Sull’imprinting fenomenologico di Salvatore Veca

Torno alla Milano dei primi anni settanta e a me che con Veca avevo fatto un esame di Filosofia teoretica all’Università Statale, via Festa del Perdono, quando Salvatore era, insieme a Pier Aldo Rovatti, giovane assistente di Paci e osservava perplesso gli sforzi del maestro di conciliare Husserl e Marx (del resto, perché no, se Elizabeth Anscombe in quello stesso torno di tempo cercava di tenere insieme san Tommaso e Wittgenstein, erano anni audaci!).

Così scriveva Francesca Rigotti. Ecco, lo studio di Fenomenologia della percezione (soprattutto della “Premessa”), di Maurice Merleau-Ponty, la cui traduzione in italiano destò un particolare interesse proprio in Enzo Paci, mi porta a scorgere una sorta di “fiume carsico” che sottilmente congiunge il pensiero fenomenologico a Salvatore Veca. La mia ipotesi non si riferisce in maniera specifica al capolavoro del filosofo francese, che ha piuttosto il merito di condensare nelle brevi righe introduttive il travagliato, tortuoso e fecondo percorso di senso della fenomenologia di matrice husserliana.

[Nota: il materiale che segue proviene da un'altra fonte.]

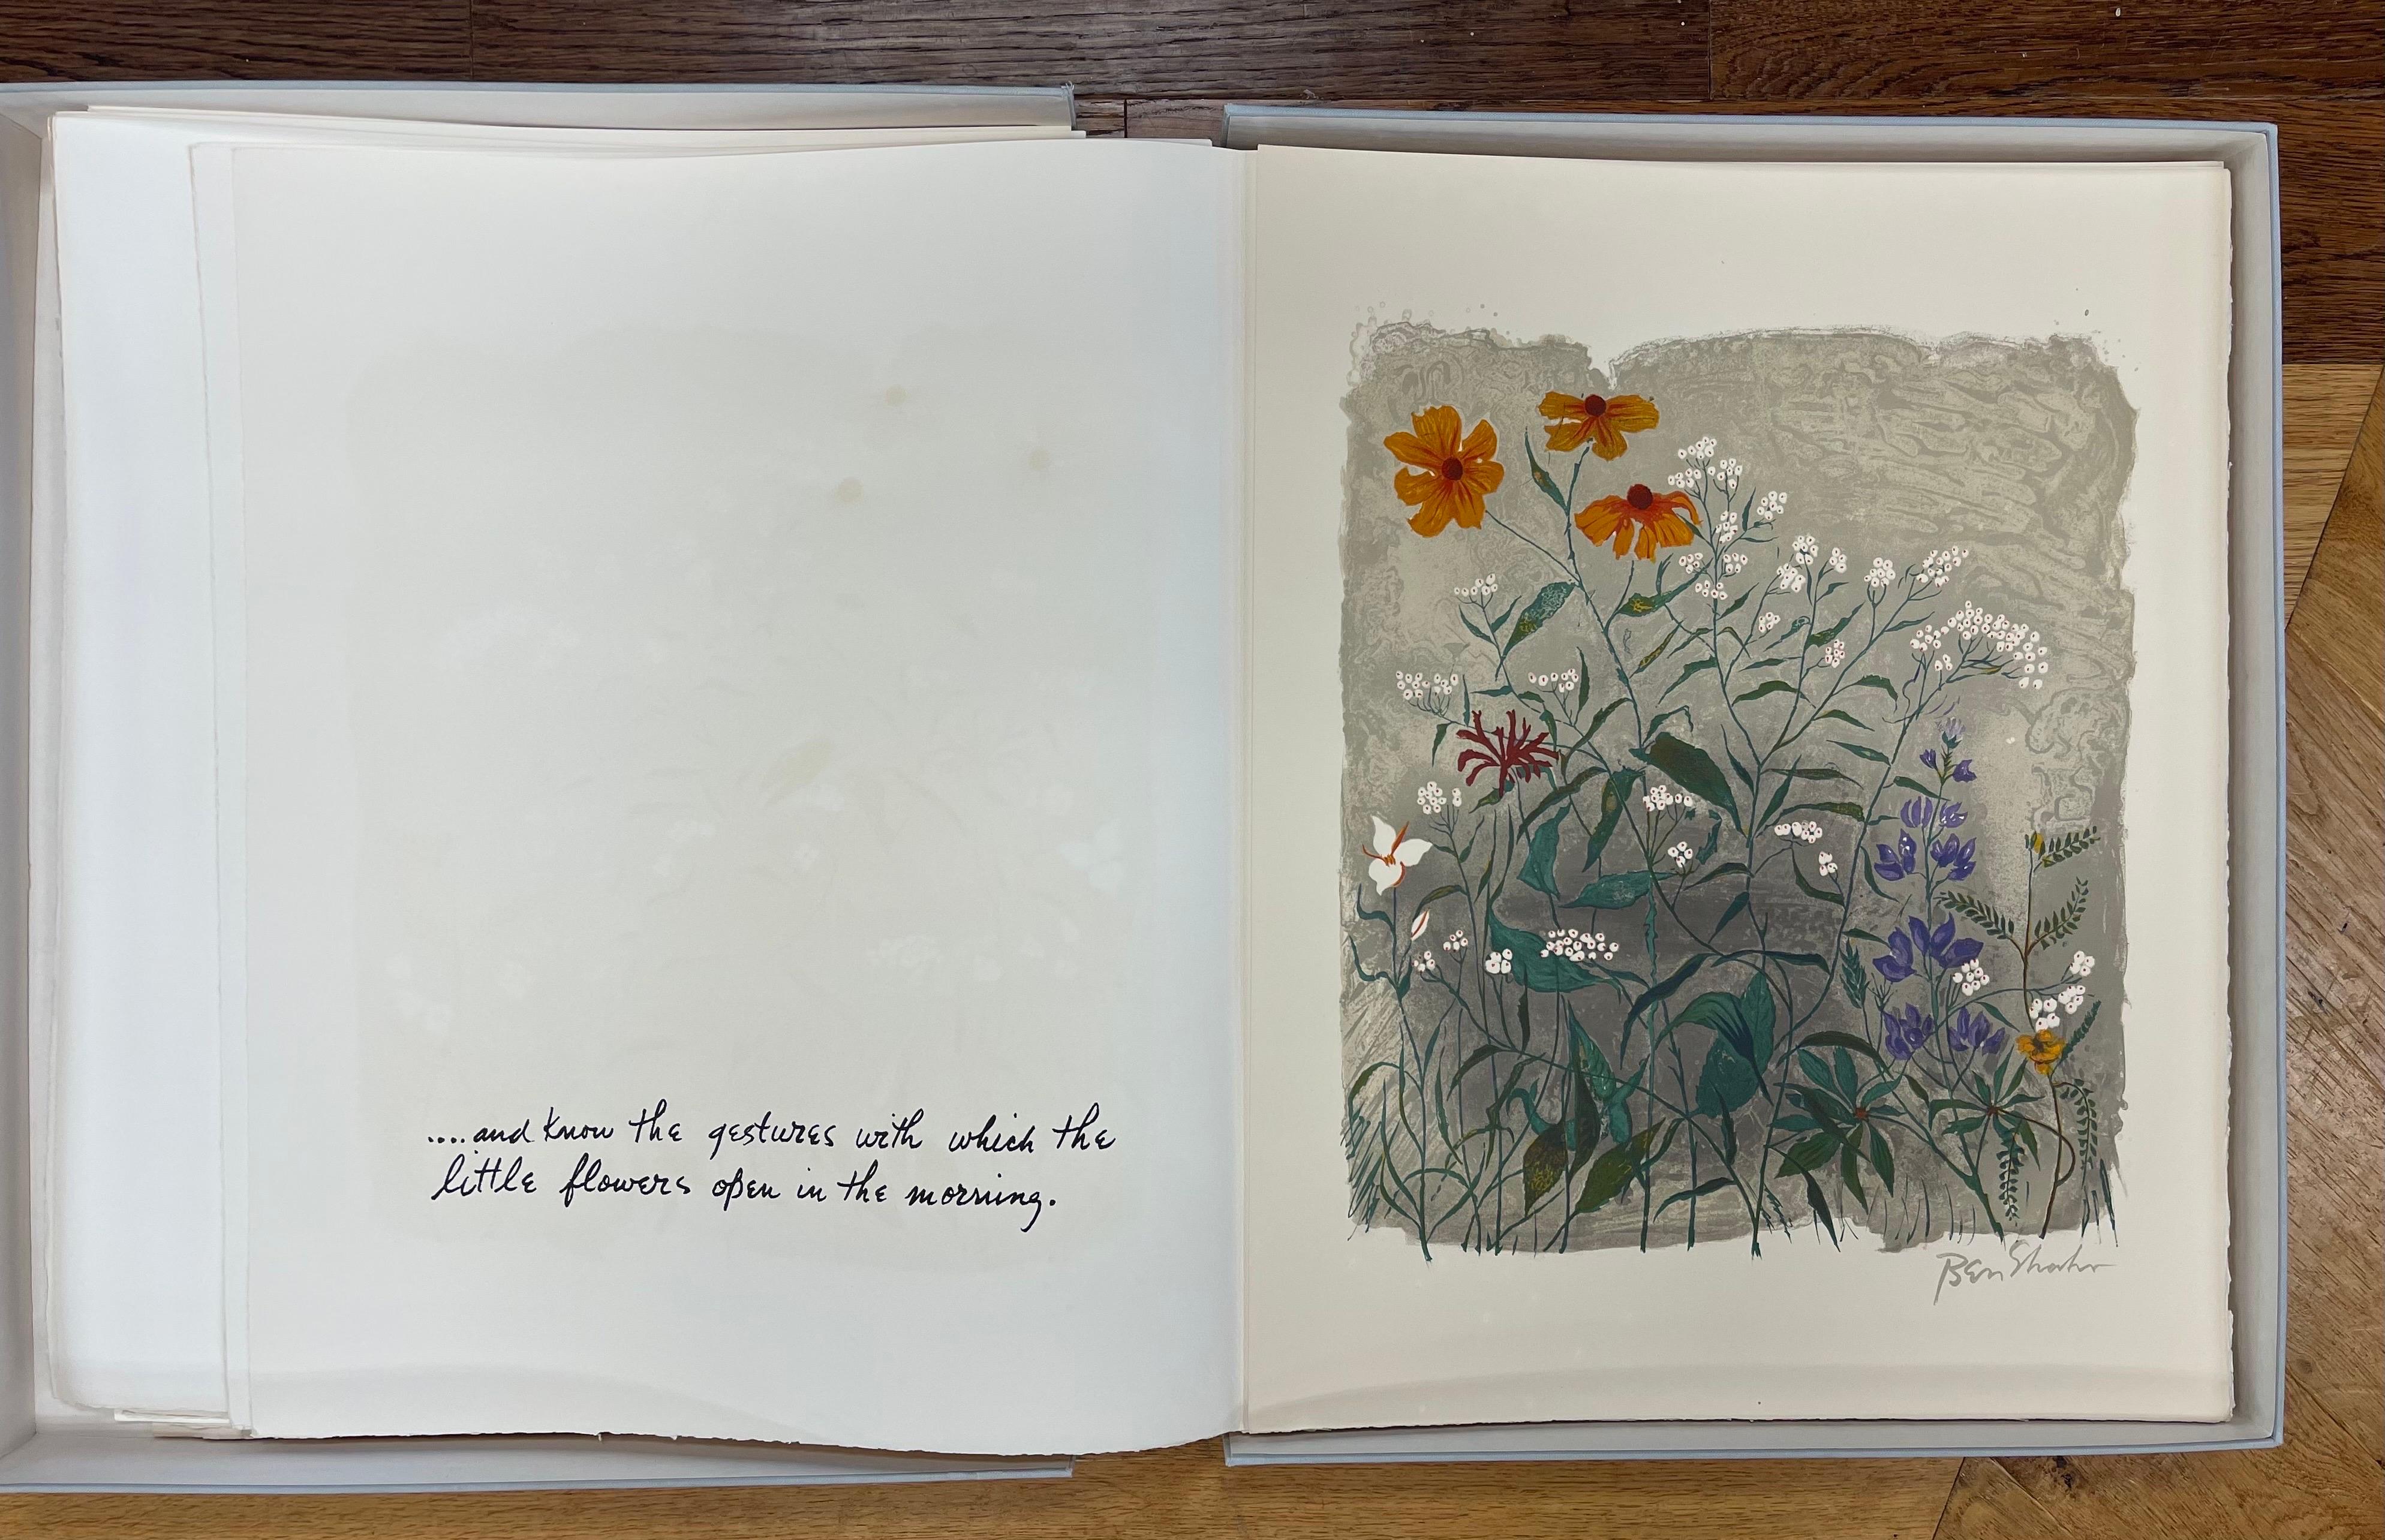 Coveted Ben Shahn Limited Edition Portfolio #234 with 24 Lithographs R. M. Rilke For Sale 10

Su un punto Veca è inequivocabile: «(Ho una persistente gratitudine nei confronti di Paci che mi ha insegnato la passione per la filosofia, ma non ho mai condiviso il suo tentativo eclettico di tenere assieme Husserl e Marx)». E, scavando nei ricordi, egli aggiunge: «In ogni caso, dopo l’esame con Paci decisi risolutamente di passare a filosofia. I rapporti con Paci divennero molto stretti. Lui faceva un’ora di lezione il giovedì, il venerdì e il sabato mattina. Prima della sua ora, il sabato c’era un seminario tenuto da noi studenti. Tra di loro spiccavano Andrea Bonomi, che lavorava su Merleau-Ponty […]. Alla fine delle lezioni di Paci nell’aula 111, molto spesso il gruppo più stretto degli studenti si trasferiva da Panarello, un bar vicino alla Statale. Paci prendeva sempre il vermut, mentre le cassiere non si stupivano più delle nostre discussioni animate sull’epochè, la riduzione eidetica e la fenomenologia». Nel mio piccolo, poi, posso testimoniare di uno scambio “impressionistico” di battute con lui, per iscritto, nel quale scherzosamente affermava di essere “d’accordo sulla dieta parsimoniosa nei confronti di fenomenologia ed esistenzialismo. per evitare casi di malnutrizione intellettuale e spreco” (23 giugno 2015).

Poniamoci in ascolto di Merleau-Ponty, a proposito della nozione di intenzionalità.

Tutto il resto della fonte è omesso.